End-to-end project on predicting collective sentiment for programming language using StackOverflow answers
In the world of a plethora of programming languages, and a diverse population of developers working on them, an interesting question is posed - “How happy are the developers of any given language?”.
It is often that sentiment for a language creeps into the StackOverflow answer provided by any user. With an ability to perform sentiment analysis on the user's answers, we can take a step forward to aggregate the average sentiment on the factor of language. This conveniently answers our question of interest.
The presenters create an end-to-end project which begins with pulling data from the StackOverflow API, making the collective sentiment prediction model and eventually deploying it as an API on the GCP Compute Engine.

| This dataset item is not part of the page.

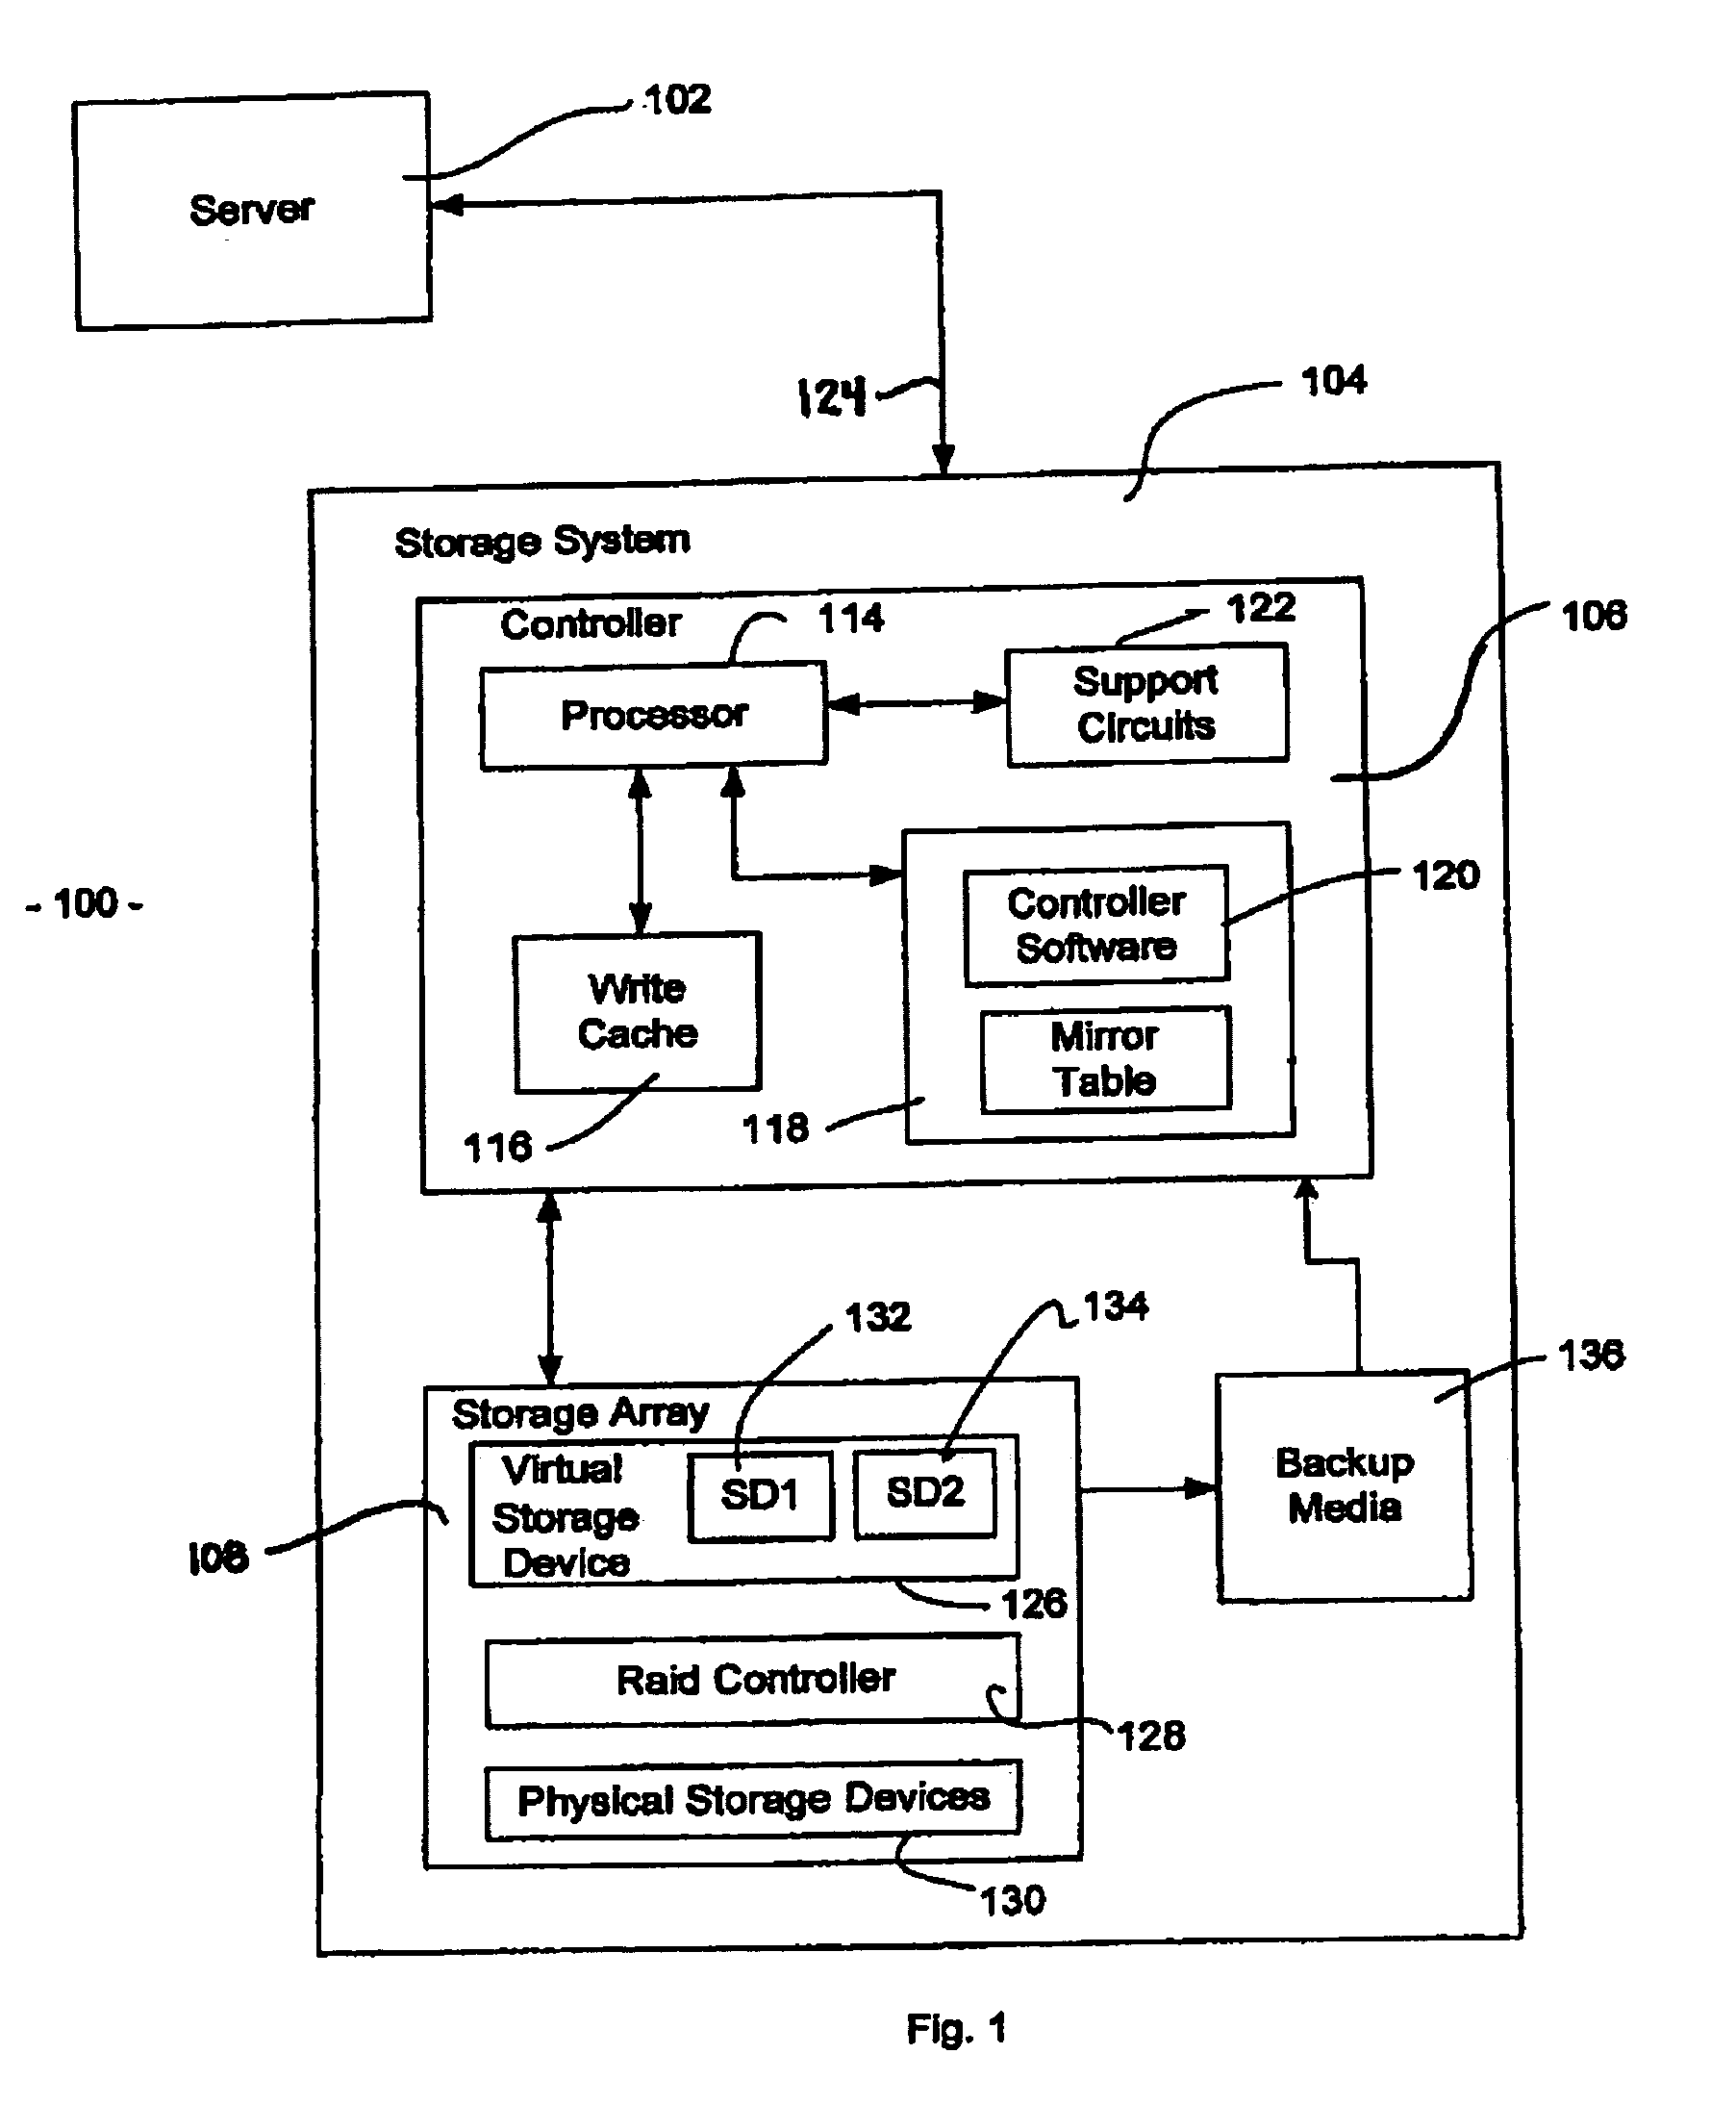 Method and apparatus for mirroring data stored in a mass storage system

Outline/Structure of the Tutorial
- Scraping data from StackOverflow using the StackOverflow API
- Investigating the data and preprocessing it as necessary
- Serializing the data into a usable format (such as .csv) for further usage
- Discussion on the basics of NLP and some of the classical NLP techniques like count vectorization, TF-IDF etc
- Preparing the collective sentiment prediction model
- Evaluating the model
- Deploying the model as a REST API on GCP Compute Engine
This tutorial presents the typical workflow of a full-stack data science project. Following is the learning outcome in brief:
- Collecting data for a given problem statement when the data is not directly available
- Investigating the data from a Data Scientist's perspective
- Building simple NLP models
- Deploying a model as an API on the web
Machine Learning Enthusiasts, Aspiring Data Scientists
Prerequisites for Attendees
- StackOverflow Ninja
- Familiarity with NumPy, Pandas, NLTK, Spacy
- Understanding of basic web concepts